Cyber Security Operations Lead

Key Objectives and Major Responsibilities:

Cyber Security Program

• Lead Security Operations to meet organization Cyber Security objectives & goals
• Communicate & work closely with IT Team, where operational security issues are identified
• Ability to anticipate and respond to changing priorities, and operate effectively in a dynamic demand-based environment, requiring extreme flexibility and responsiveness
• Partner with SOC and Incident Response teams in the event of a security incident to ensure timely mitigation and remediation efforts are completed
• Create and maintain security incident response plan and procedures.
• Communicate effectively, presenting complex technical matters clearly and concisely with audiences ranging from peers to Sr.
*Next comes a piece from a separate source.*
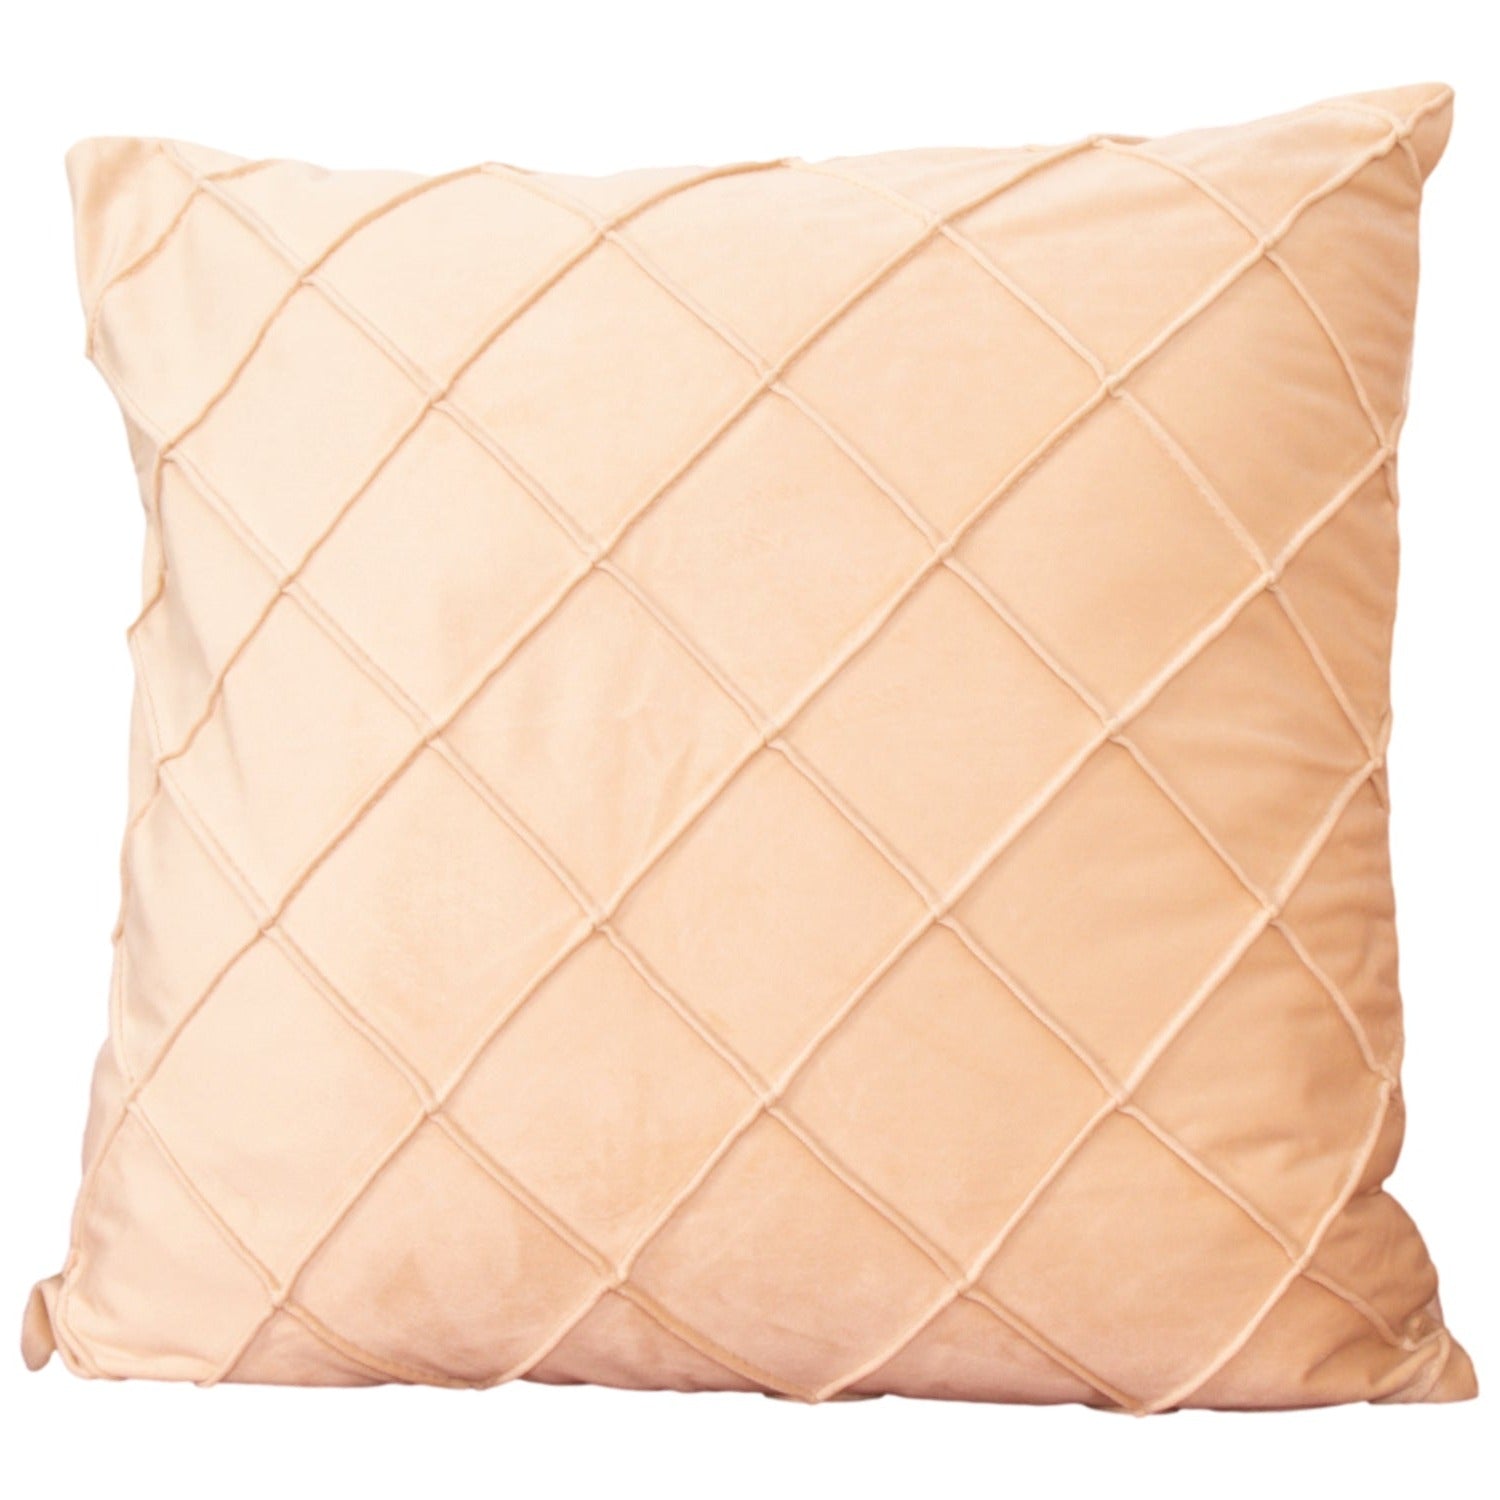 Diamond beige velvet cushion cover by Native
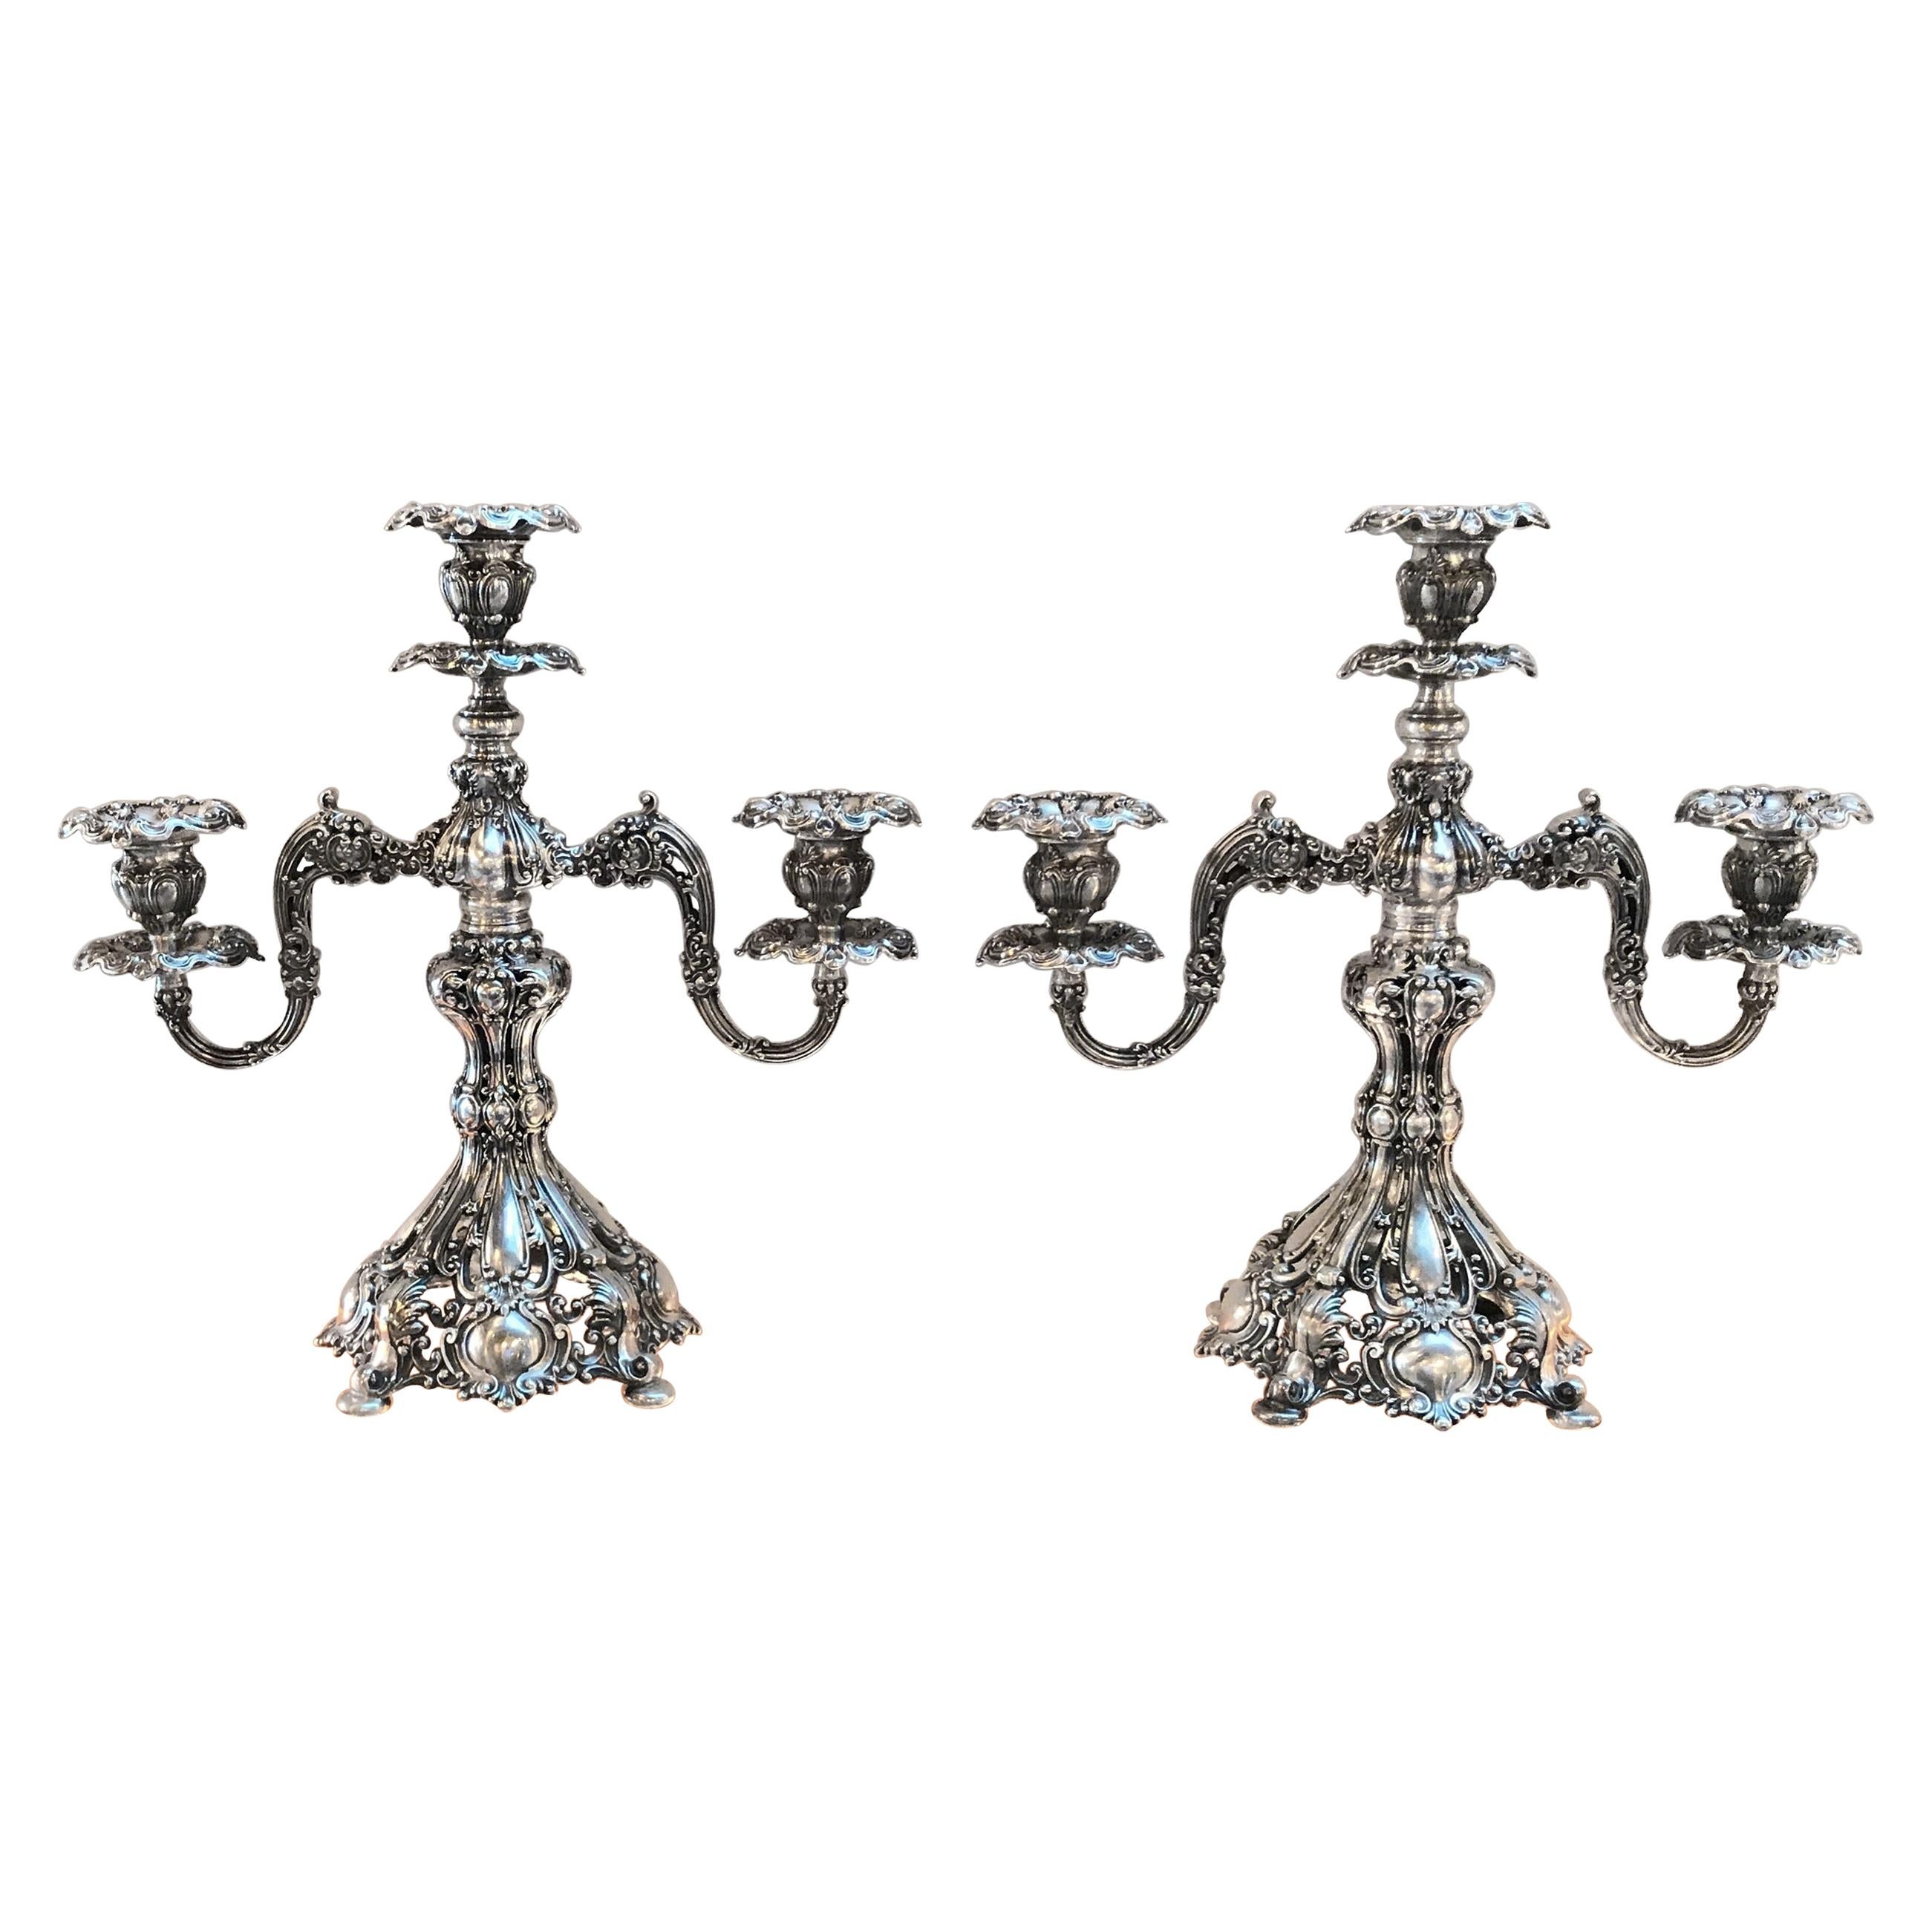 Paire de candélabres baroques en métal argenté « Renaissance »

Management
• Maintain current knowledge with respect to technologies and products both in house and in the market
• Recommend effective changes to enhance defense and response procedures
• Drive the team and evaluate, test, and select security tools and products

Stakeholder Management & Communication

• Ability to communicate technical ideas and strategies effectively to non-technical audiences, including executive leadership, via multiple mediums (e.g., written communications, verbal communications, presentations, etc.)
• Cybersecurity Technology Trends – Demonstrate a strong understanding of emerging trends in the cybersecurity technology landscape, including new technologies, processes, and ways of working
• Able to determine the impact of technological advancement on the company’s systems, applications, infrastructure, and practices
• Vendor/contract management – Ability to build effective relationships with third party providers, suppliers, and partners

SOC Operations and Incident Response

• Control & facilitate the identification, response, investigation, remediation, and reporting of information security incidents
• Manage the advance threat protection & strengthen the cyber incidents response framework & capabilities
• Develop, implement, and administer technical security standards, as well as a suite of security services and tools to address and mitigate security risk
• Examine impacts of new technologies on the organization’s overall information security
• Create operation reports and dashboard for management on security operations
• Drive vulnerability management operations – Vulnerability identification to remediation.

 Key Capabilities and Competencies

• In-depth knowledge of modern security concepts such as common attack vectors, malware, security analytics and threat intelligence
• Understanding of Cybersecurity Operations models and technologies (cloud, automation, orchestration, analytics, and risk-based approaches)
• Excellent understanding of major regulatory and industry standards such as NIST and MITRE ATT&ACK framework.
• Work closely with SOC partner, Cert-in and other similar bodies and act promptly on latest cyber threat advisories
• Experience with Endpoint Detection & Response (EDR/XDR), automation (SOAR) and SIEM tools.
• Ability to review, test (POC), finalize & propose Security tools, meeting organization requirements
• Ability to review existing Cyber Security posture of the organization and highlight areas of improvements and potential gaps in cyber controls
• Fair knowledge and hands-on experience in Antivirus, Patching, systems hardening and server & endpoint protection
• Knowledge and hands-on with tools and technologies like MFA, MDM, Data Discovery & Classification, NAC, Encryption, DLP, PAM, IPS/IDS, WAF, Firewall, Proxy, AD, O365, SOC operations, Proxy etc.
• Competence to review Vulnerability Reports and suggest/ propose remedial actions
• Work closely with Security Partners and act promptly on Security Advisories and vulnerabilities
• Fair knowledge of regulatory guidelines, legislations, statutory requirements, and its application within the Company
• Good understanding of the information security principles, policies, practices, and implementation of next generation technologies
• Understanding of the nature of cyber threats and risks to the Company’s information assets
• Ability to correlate information & cyber security issues & mitigation plan with the overall Company’s strategy
• Ability to efficiently project manage, and possess written and oral communication skills
• Ability to collaborate with functional teams and work closely on information security initiatives

Qualification and Experience

• Diploma/ Bachelor’s Degree in Cybersecurity, Computer Science, Information Systems, related field, or equivalent training and/or experience
• CEH, GCIH, XDR certification or other Cyber Security Certifications would be an advantage
• Overall, 8-12 years of relevant experience in information security & crisis management. Preference shall be given to experience in Insurance tech, IT or BFSI.
• Knowledge of information security standards such as ISO, PCI etc.